Who is on the debt reduction commission




















See our methodology below for more information about the calculations. In other words, lawmakers have largely failed to address the nation's most pressing fiscal challenge: the large and growing cost of Social Security, Medicare, and Medicaid. And while the enacted deficit reduction has improved the nation's fiscal outlook somewhat, it cut much sooner than when the Fiscal Commission — which put forward the principle of "don't disrupt the fragile recovery" — recommended.

The front-loaded nature of actual deficit reduction can also been seen by looking at actual deficit levels — though they have been influenced as much by changes in projections as legislation. Today's deficits as a share of Gross Domestic Product GDP are almost identical to the levels proposed by the Fiscal Commission, and indeed current law has tracked Simpson-Bowles relatively well since But after , current law deficits are slated to rise — whereas under the Simpson-Bowles plan they would fall.

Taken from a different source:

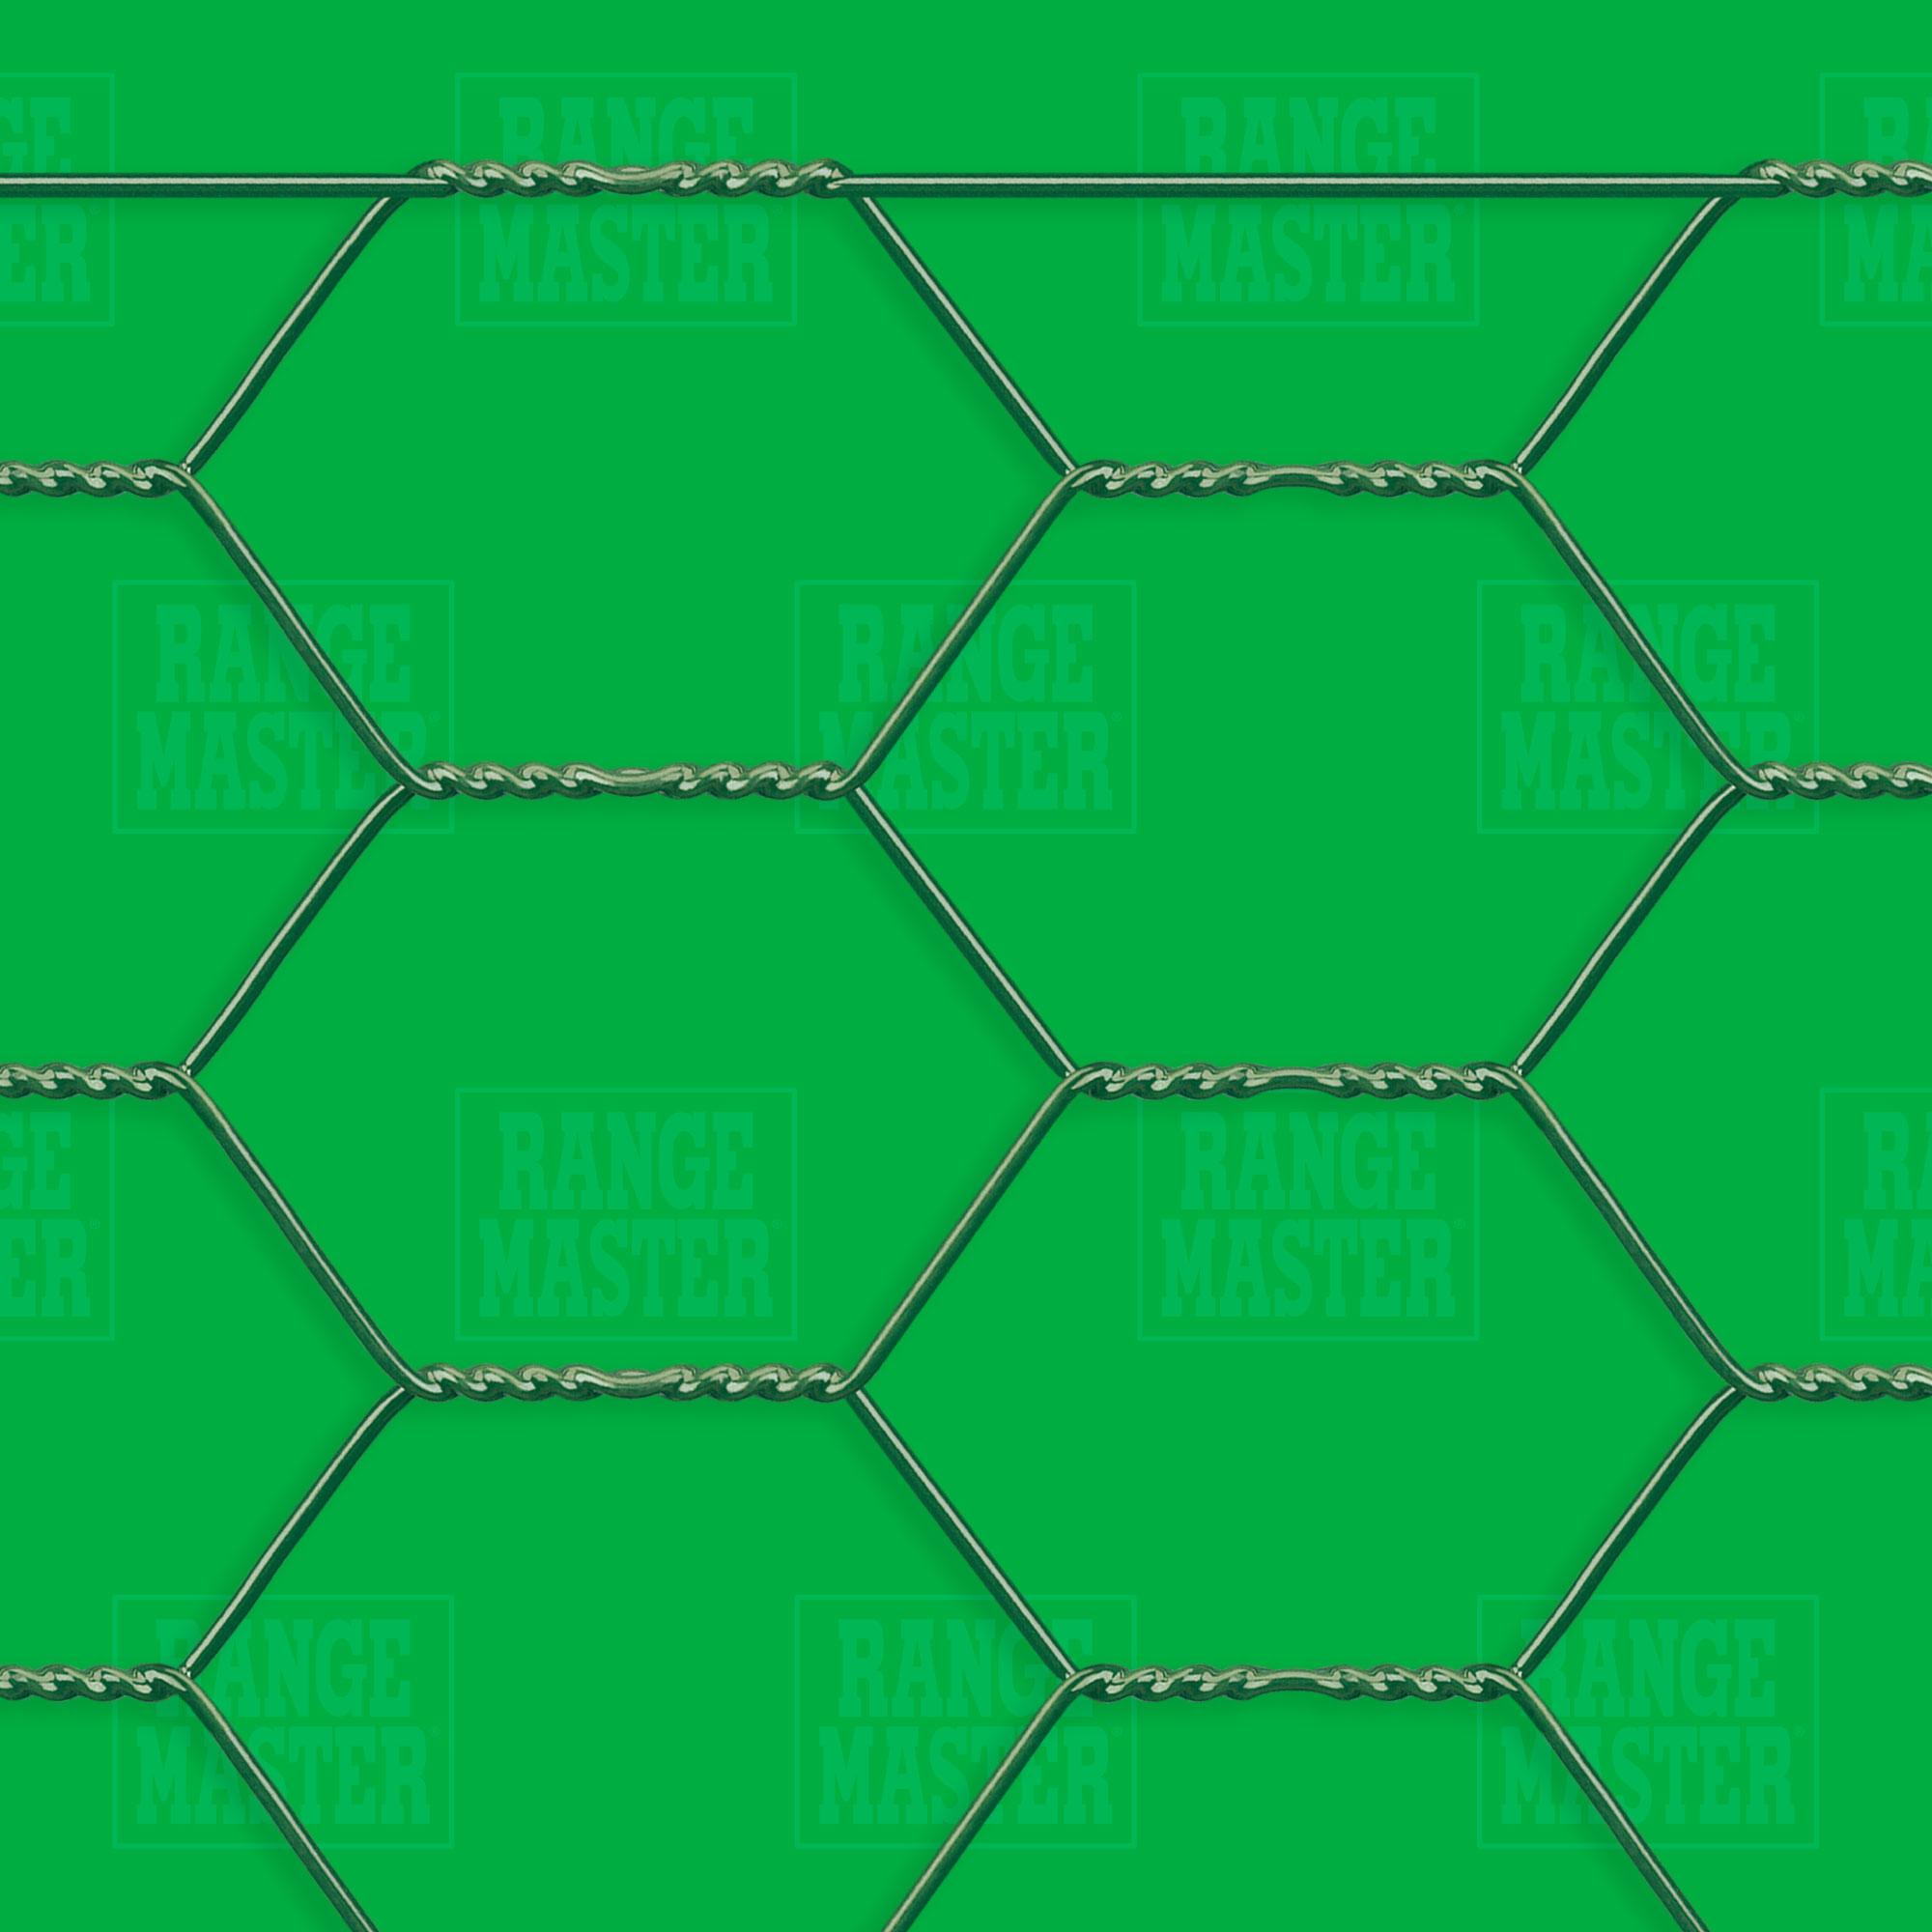 Plastic Coated Hexagonal Netting

In , deficits were projected to total only 0. This divergence is similarly evident when looking at debt, though due to poorer economic performance and more near-term tax cuts debt is already significantly higher than what Simpson-Bowles proposed.

By contrast, debt is currently about 74 percent of GDP and is projected to rise to 77 percent of GDP by — or 80 percent if the extenders package passes. It quickly earned mixed reviews. The Campaign to Fix the Debt praised the framework for addressing major issues such as entitlement programs and tax reform, although it did not specifically endorse the plan.

It calls for using so-called tax expenditures to help pay down the U. It does not get specific, however, and tax expenditures include politically popular items like the tax break for mortgage interest and charitable giving.